Vivienne Dick has been making films since the 1970s when she first picked up a Super 8 camera in New York and started making films with her friends in the emerging punk scene. Although born in Donegal, the energy and dynamism of Vivienne’s early films could, it seems, have only occurred in New York in the 1970s. Vivienne is now an internationally celebrated artist whose work with the moving image has been truly groundbreaking. Working outside the structure and confines of traditional filmmaking, Vivienne has continuously pushed the boundaries of what is possible to do in cinema. A recent retrospective at IMMA placed Vivienne’s legacy in conversation with that of the legendary photographer Nan Goldin (the two artists have worked together several times, with Vivienne featuring in several of Nan’s more well known works).
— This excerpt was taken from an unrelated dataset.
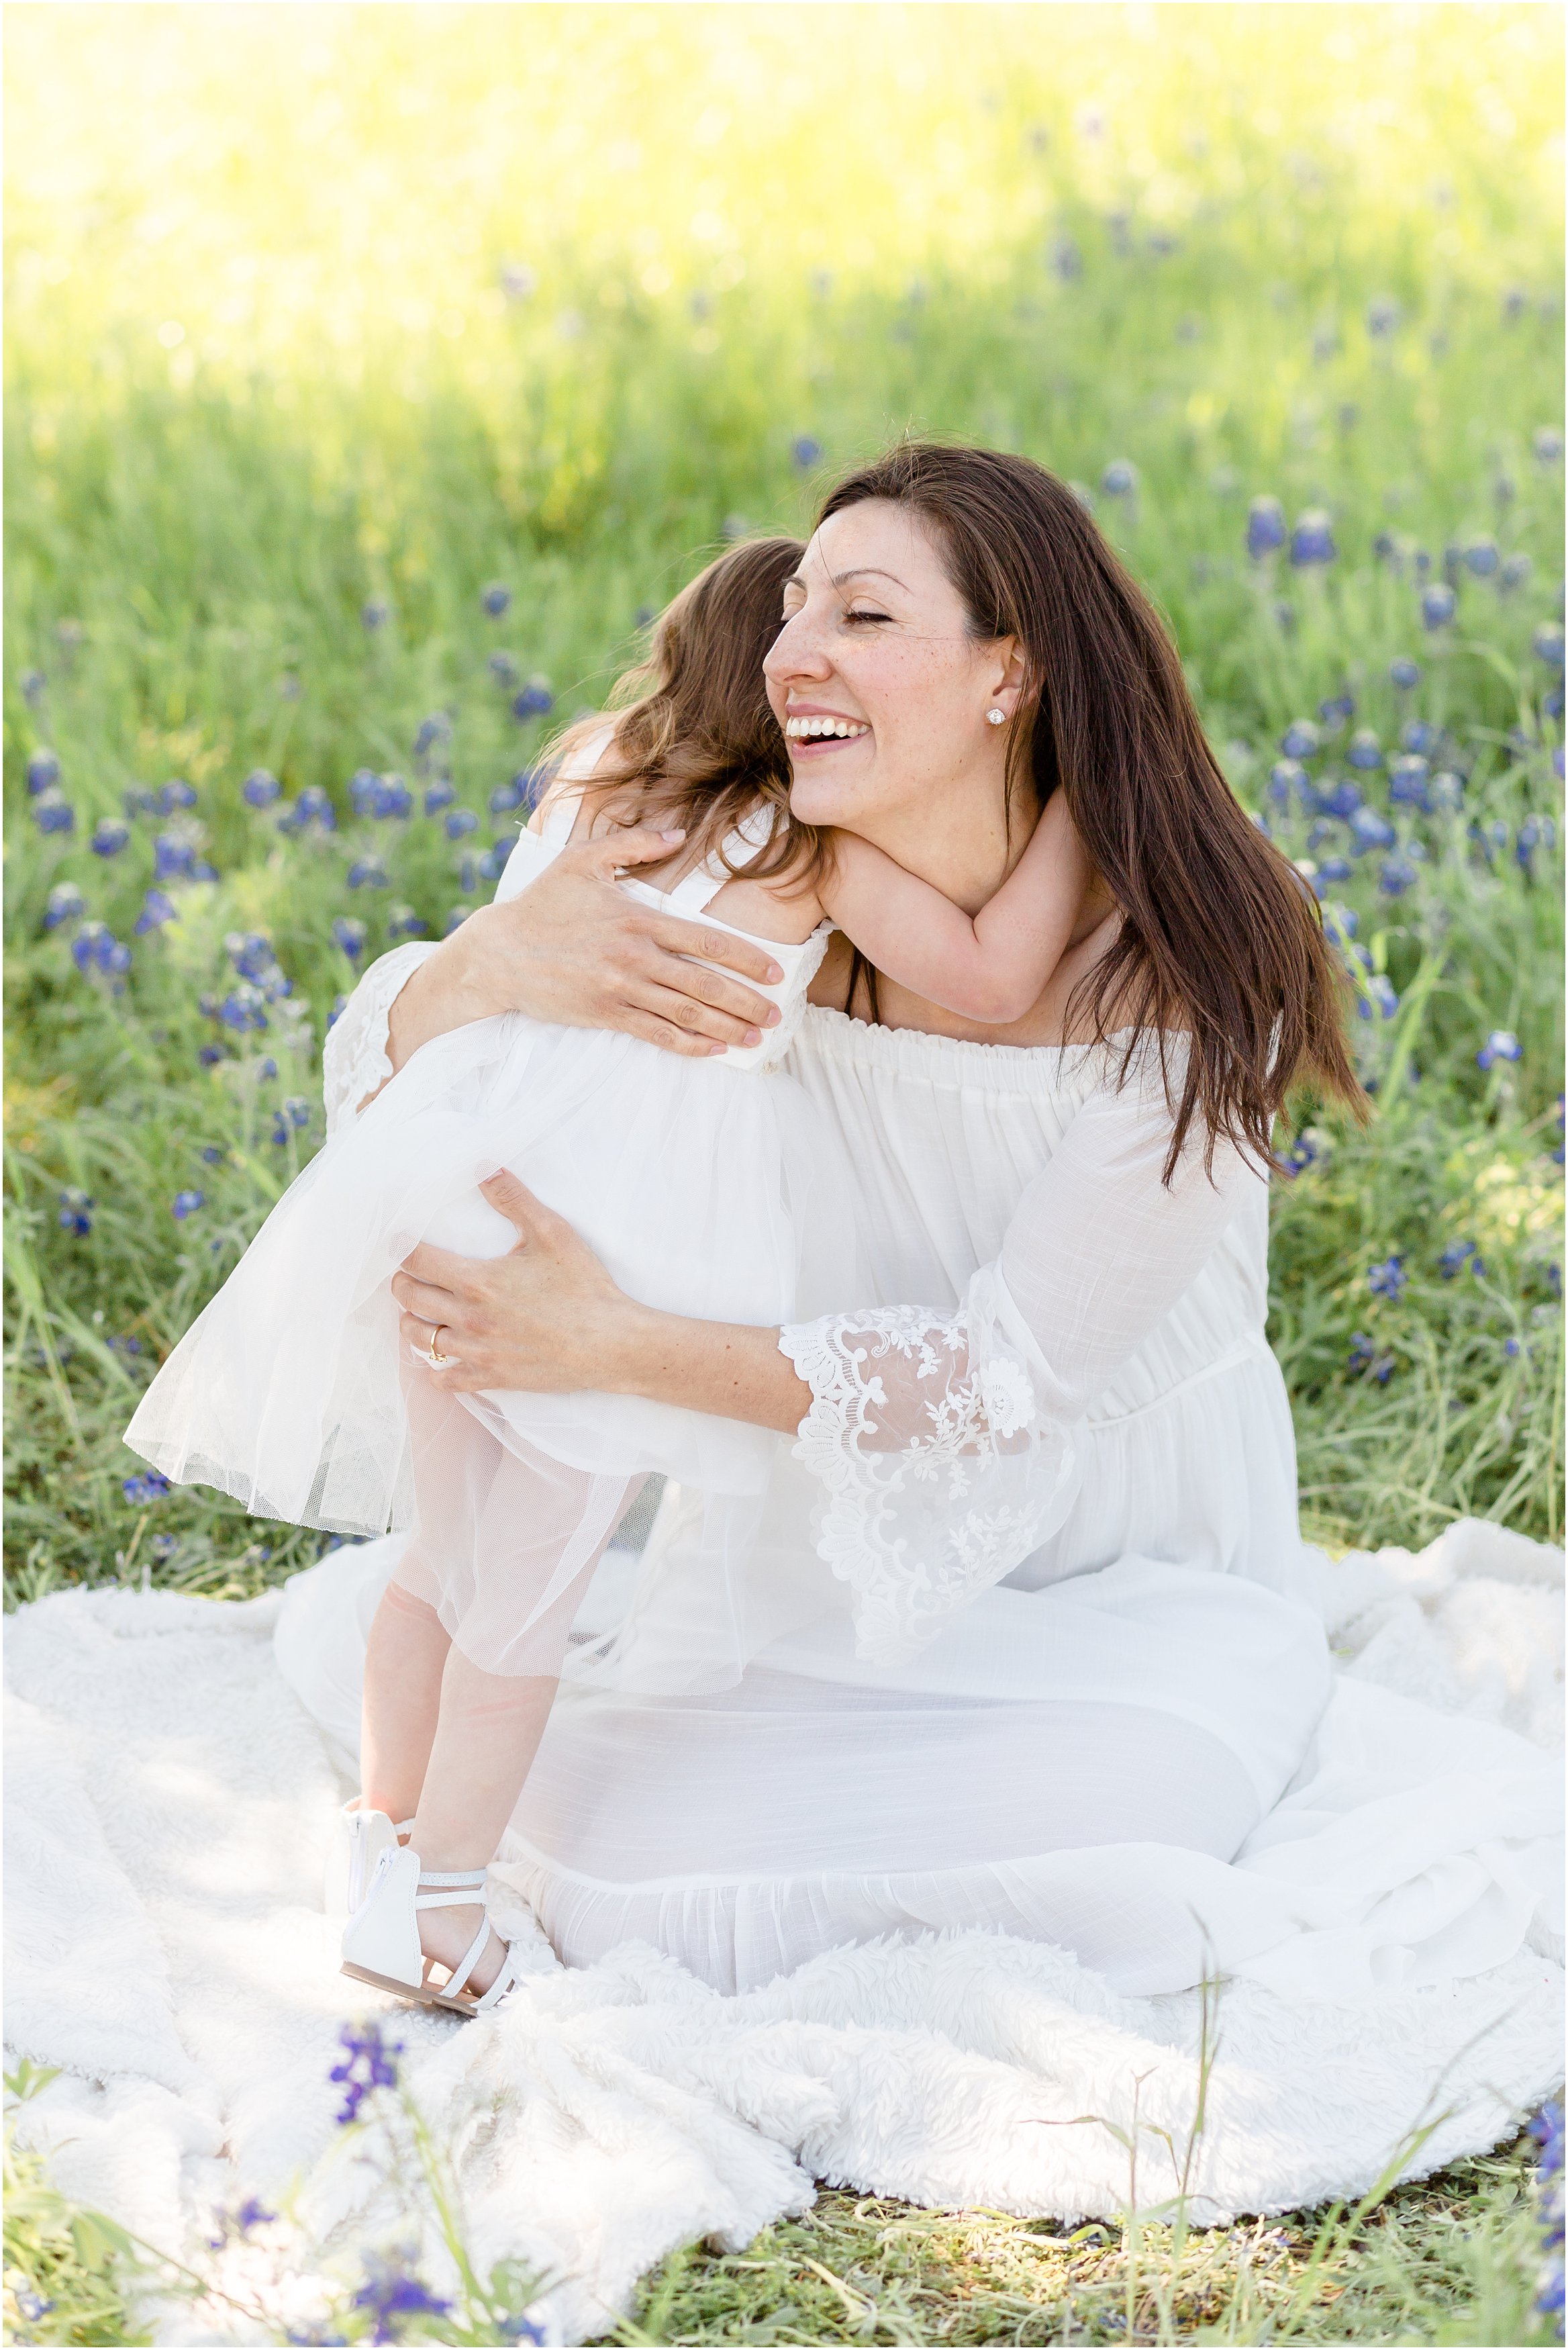 mom and daughter in white dresses in a bluebonnet field

Nan Goldin has been justly celebrated for taking as her subject those that exist on the periphery of life, those that may well fall through the cracks, and Vivienne’s work can be understood similarly. The films included in

‘Delirious Rhythm’, including two of Vivienne’s own works, have a unique vibrancy. They are out of step with ‘normal’ patterns and ways of seeing and are all the more alive because of it.

Sarah Browne is an artist based in Ireland whose practice involves sculpture, writing and performance as well as film. Browne co-represented Ireland at the 53rd Venice Biennale with Gareth Kennedy and her highly revered work has been shown widely both in Ireland and abroad. In 2016 she worked closely with artist Jesse Jones to produce ‘In the Shadow of the State’, a project that investigated how female bodies are subjected to the ‘touch’ of the law. For this project Sarah & Jesse collaborated with women who work in law, music, material culture and midwifery. The extraordinary programme Sarah has put together for the ‘aemi’ tour is centred around her own film Report to an Academy which is a powerful adaptation of the Franz Kafka story of the same name. This film follows a character who transforms herself into an octopus in order to find a ‘way out’ of the repressive environment where she works in which she can no longer express herself. Many of the films in Sarah’s programme feature a single protagonist who is working to negotiate institutions of education, illness and beauty, ‘pushing’, as Sarah describes, ‘at the limits of our sense of the possible and what bodies can (or should) do.’